-- Data below --
***
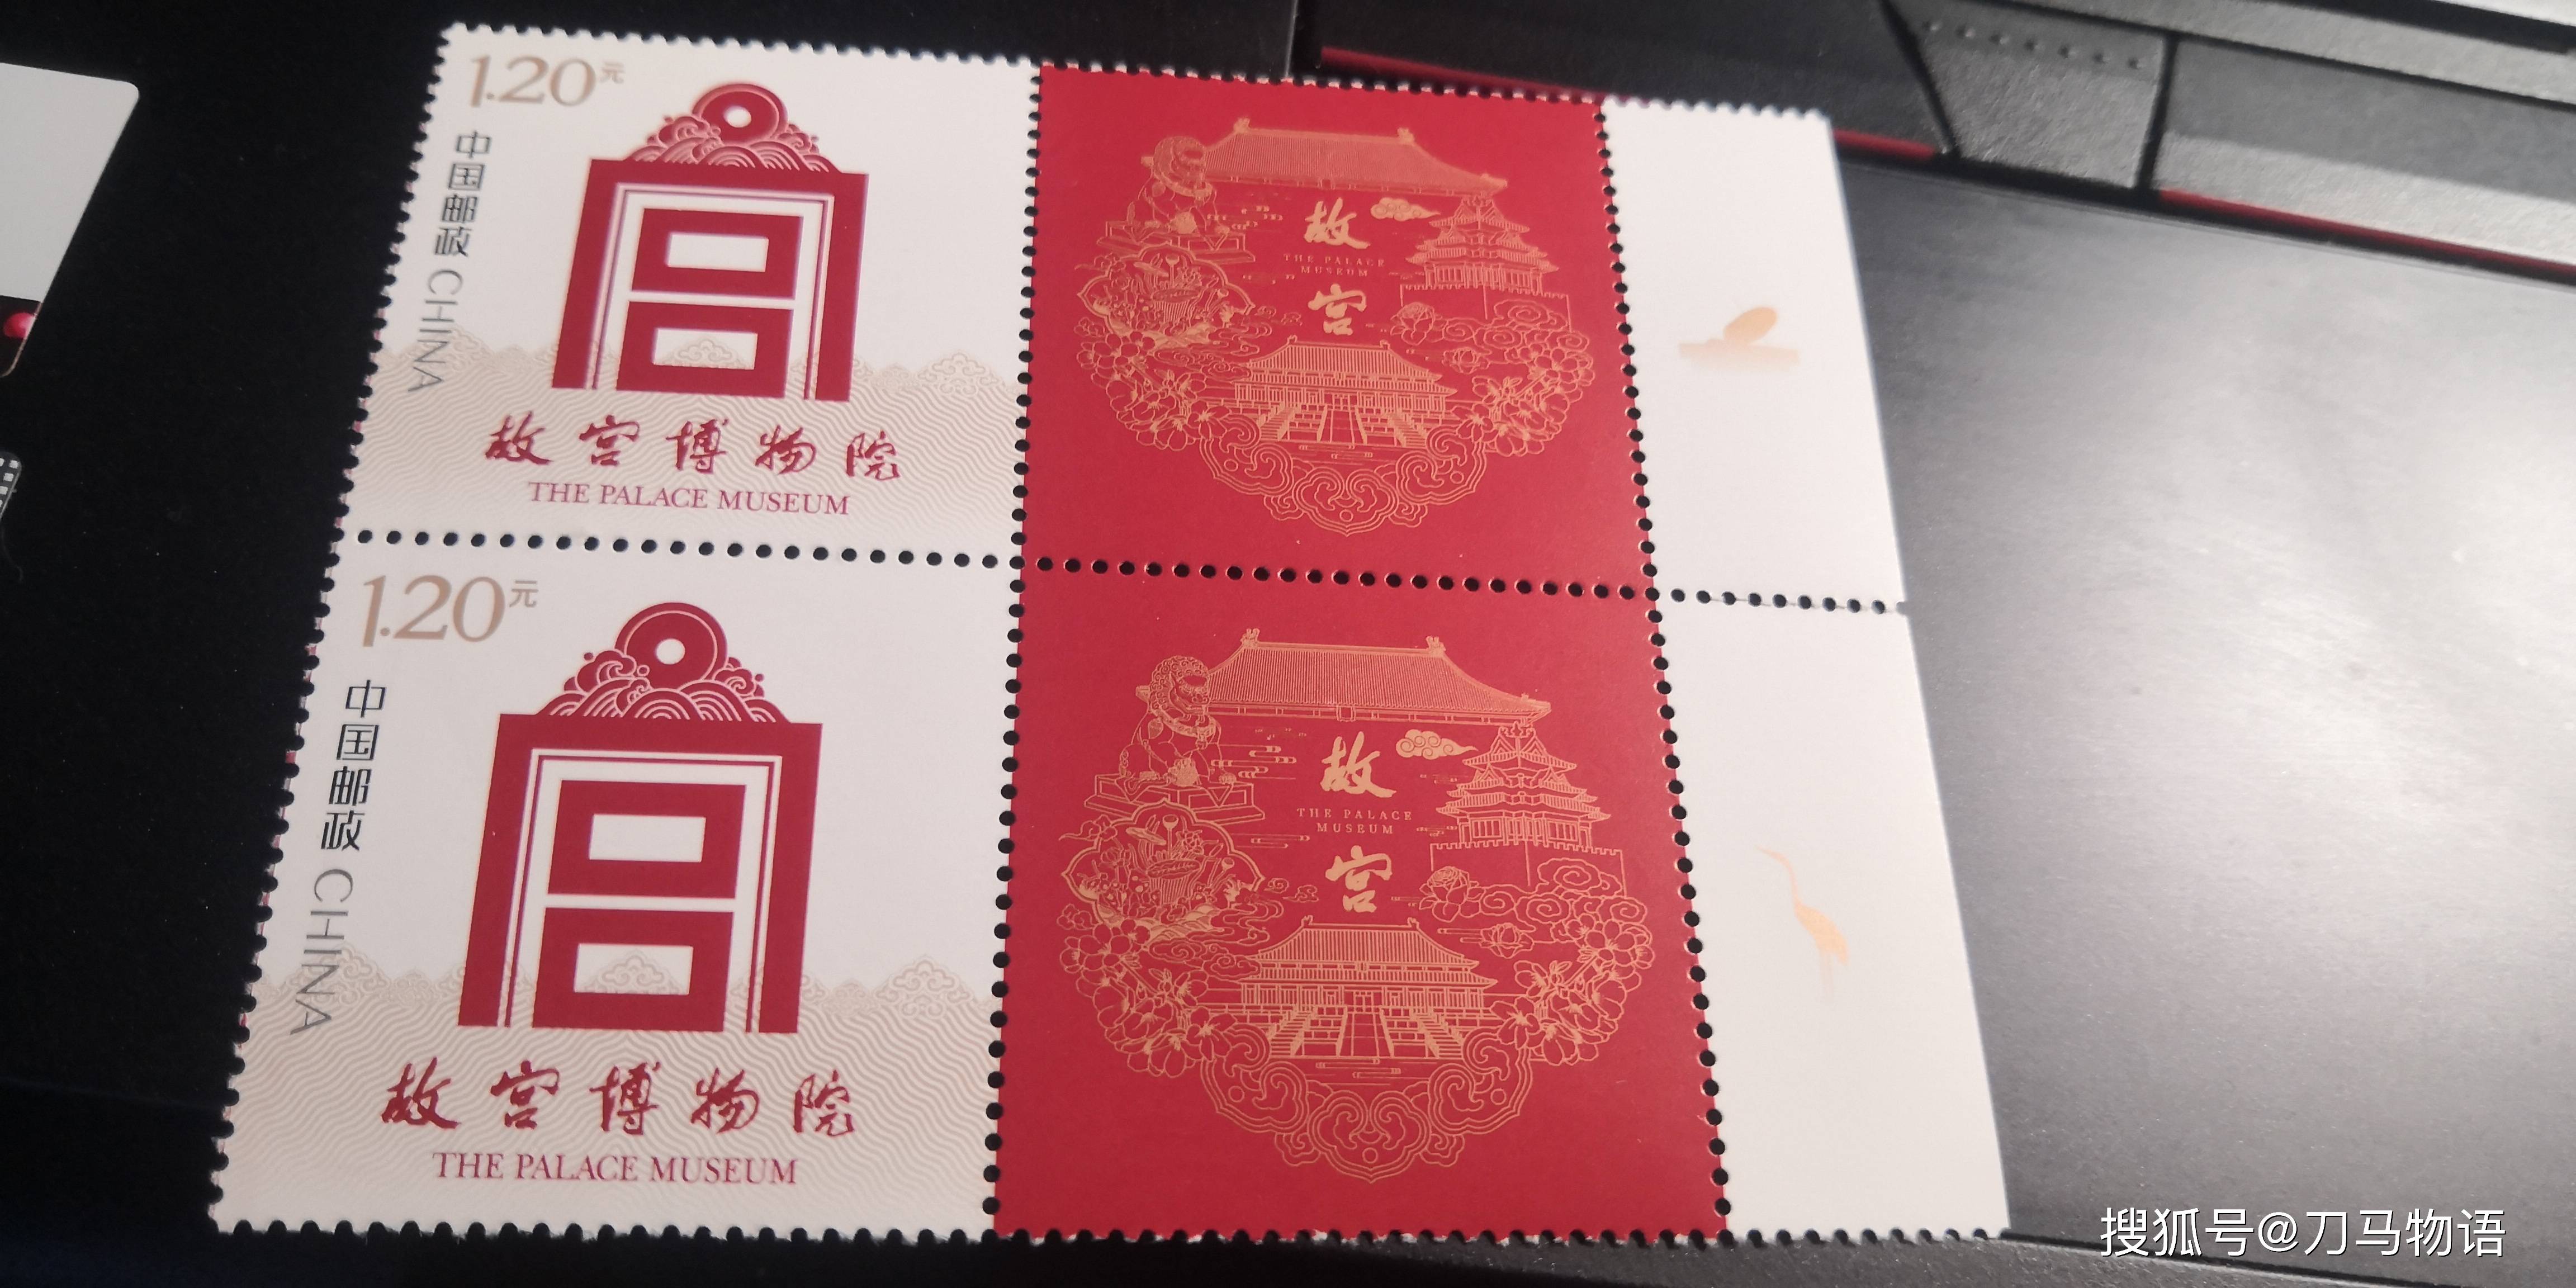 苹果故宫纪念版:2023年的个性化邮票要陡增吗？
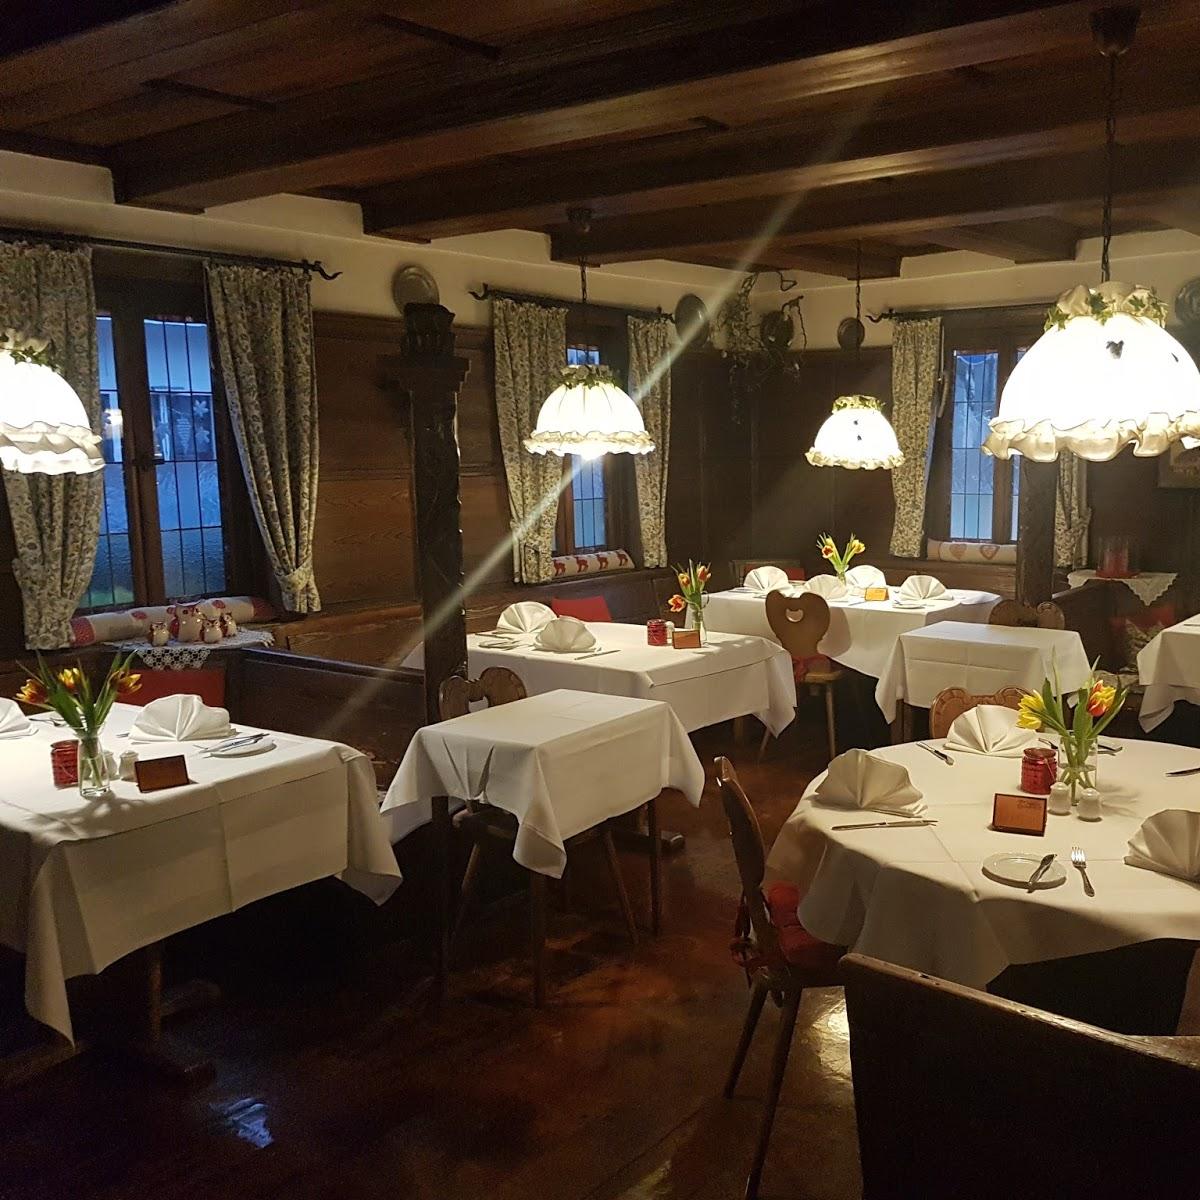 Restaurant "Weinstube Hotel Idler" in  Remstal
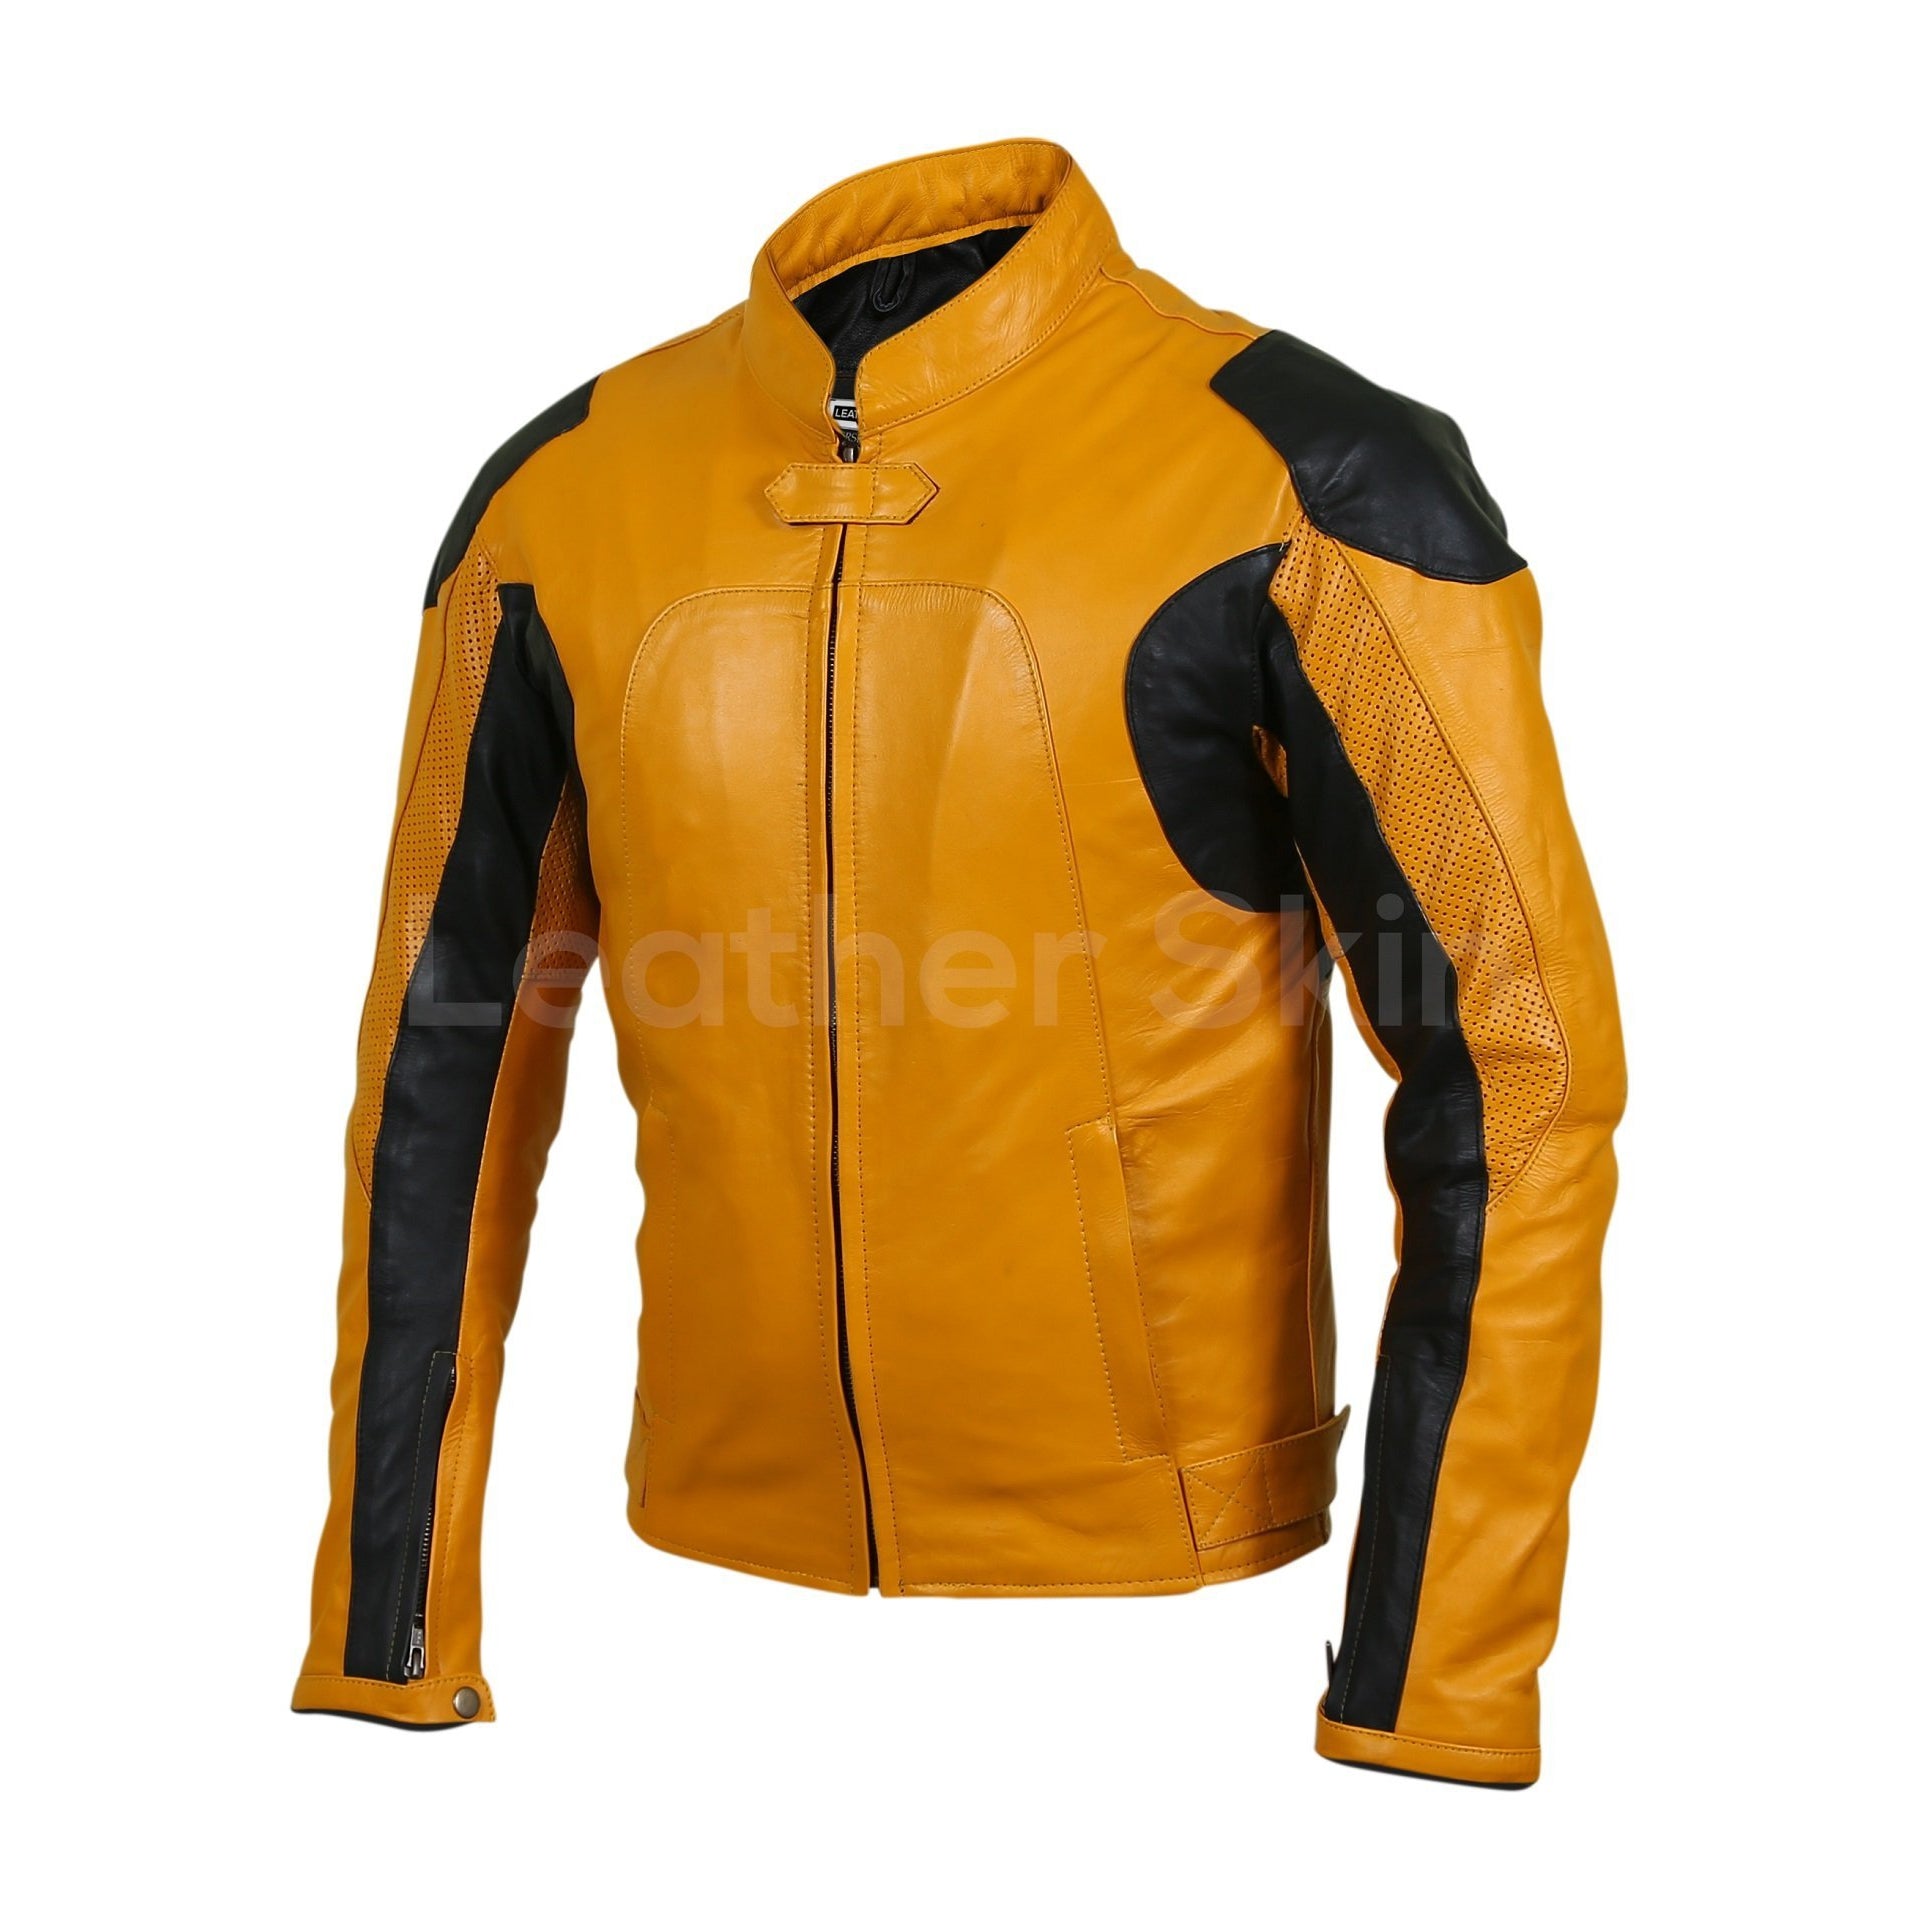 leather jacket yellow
***
-- Task goal --
All of the data, minus its pictures, should be repeated exactly.

-- Solution for this problem --
 苹果故宫纪念版:2023年的个性化邮票要陡增吗？
 Restaurant "Weinstube Hotel Idler" in  Remstal
 leather jacket yellow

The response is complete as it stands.